# [SOLVED] Borderlands install errors



## fleshhold (Nov 23, 2009)

Hey guys, ive got my new computer all set up now, for a while actually. Suddenly i have decided to set up borderlands, as I went to install it last night i got all the way to the end of the installation and an error pops up saying

"phsyxcudart_20.dll is missing from your computer"

I clicked OK and got another one straight afterwards saying

"cudart32_30_9.dll is missing from your computer"

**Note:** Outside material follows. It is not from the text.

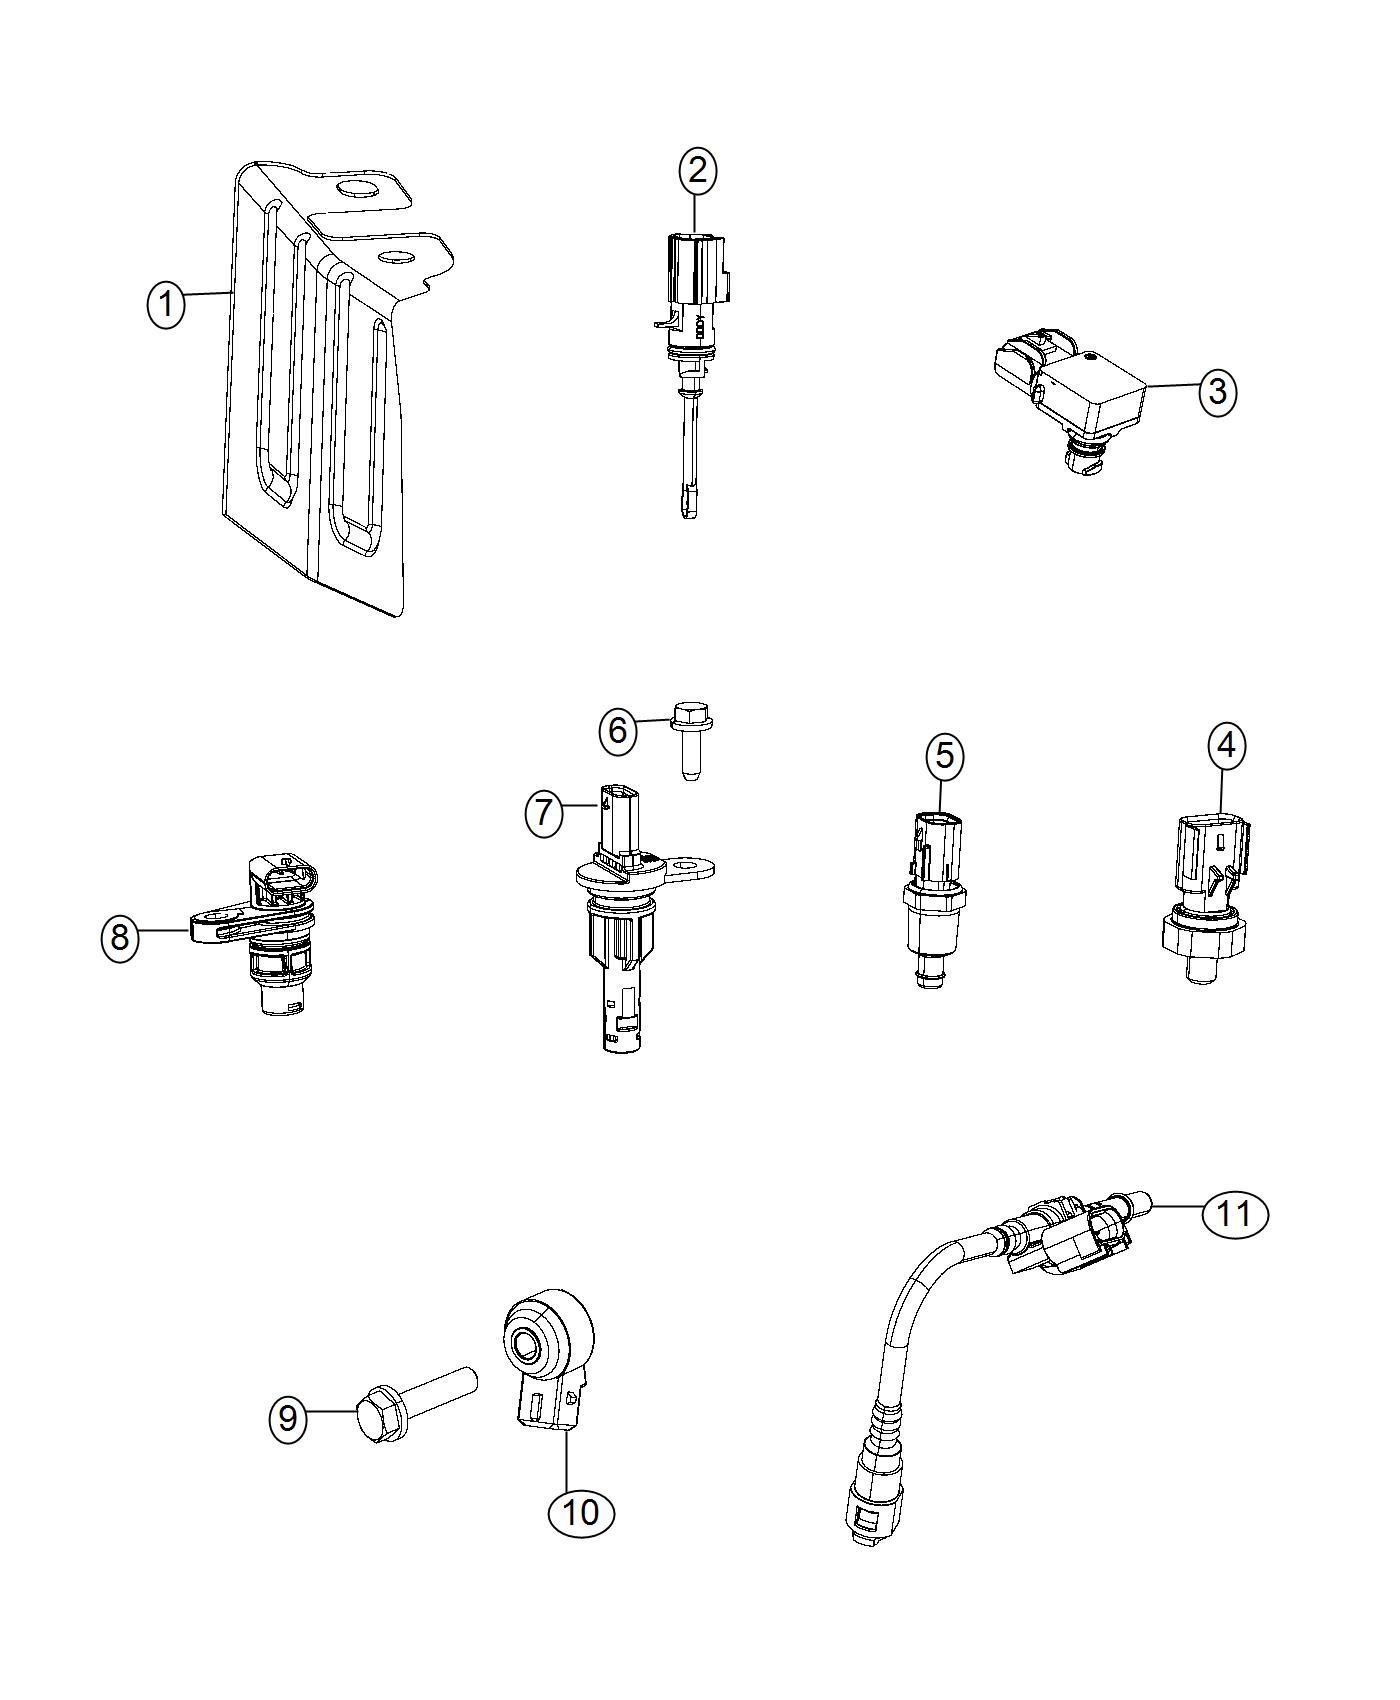 Ram Used For Sensor And Tube Pressure Fuel Dfk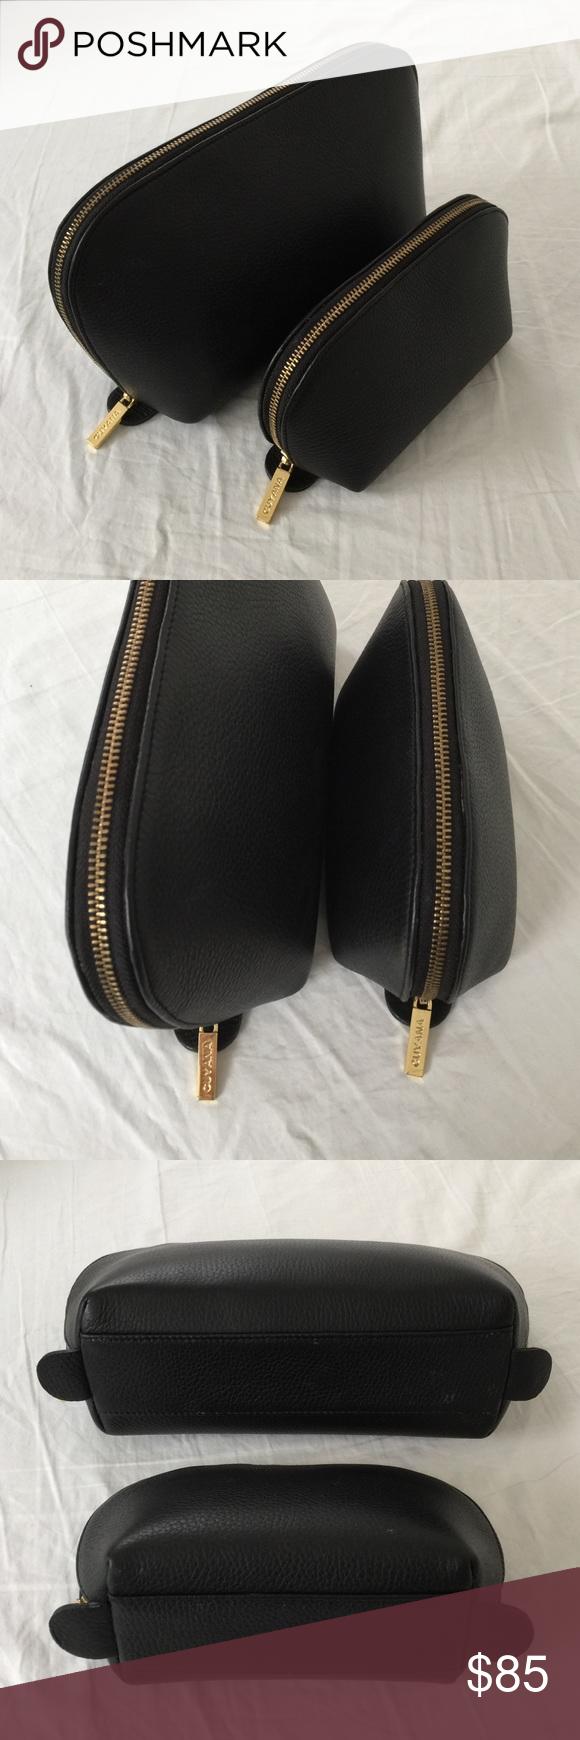 Cuyana Travel Case Set Black Pebbled Leather Black

I clicked OK and then the secureacom scanner came up, i then got ANOTHER error saying Error 1722 and it had to revert the whole installation, i tried downloading the dll files but its no use. seems there is so many problems with this installation!

Currently running windows 7 home premium X64 bit, i got a ATI HD 5850 graphics card.

And i have no clue on how to fix this problem


----------



## bwolfje (Jul 26, 2010)

*Re: Borderlands install errors*

hi,

go to nvidia.com and download the latest Physix-only driver if it isn't on the games' disc.

Make sure its the Physx only driver, some games need it even though if you have an ati card.

After that try to install it again to see if there is any errors left.


----------



## fleshhold (Nov 23, 2009)

*Re: Borderlands install errors*

Ok i'll try that now, cheers i'll tell you when ive tried it.


----------



## fleshhold (Nov 23, 2009)

*Re: Borderlands install errors*

Awsome! it works! your a legend, i didn't know it was that simple. Runs flawlessly, especially on my beast gaming rig.

Thanks, FLeshhold xoxo.


----------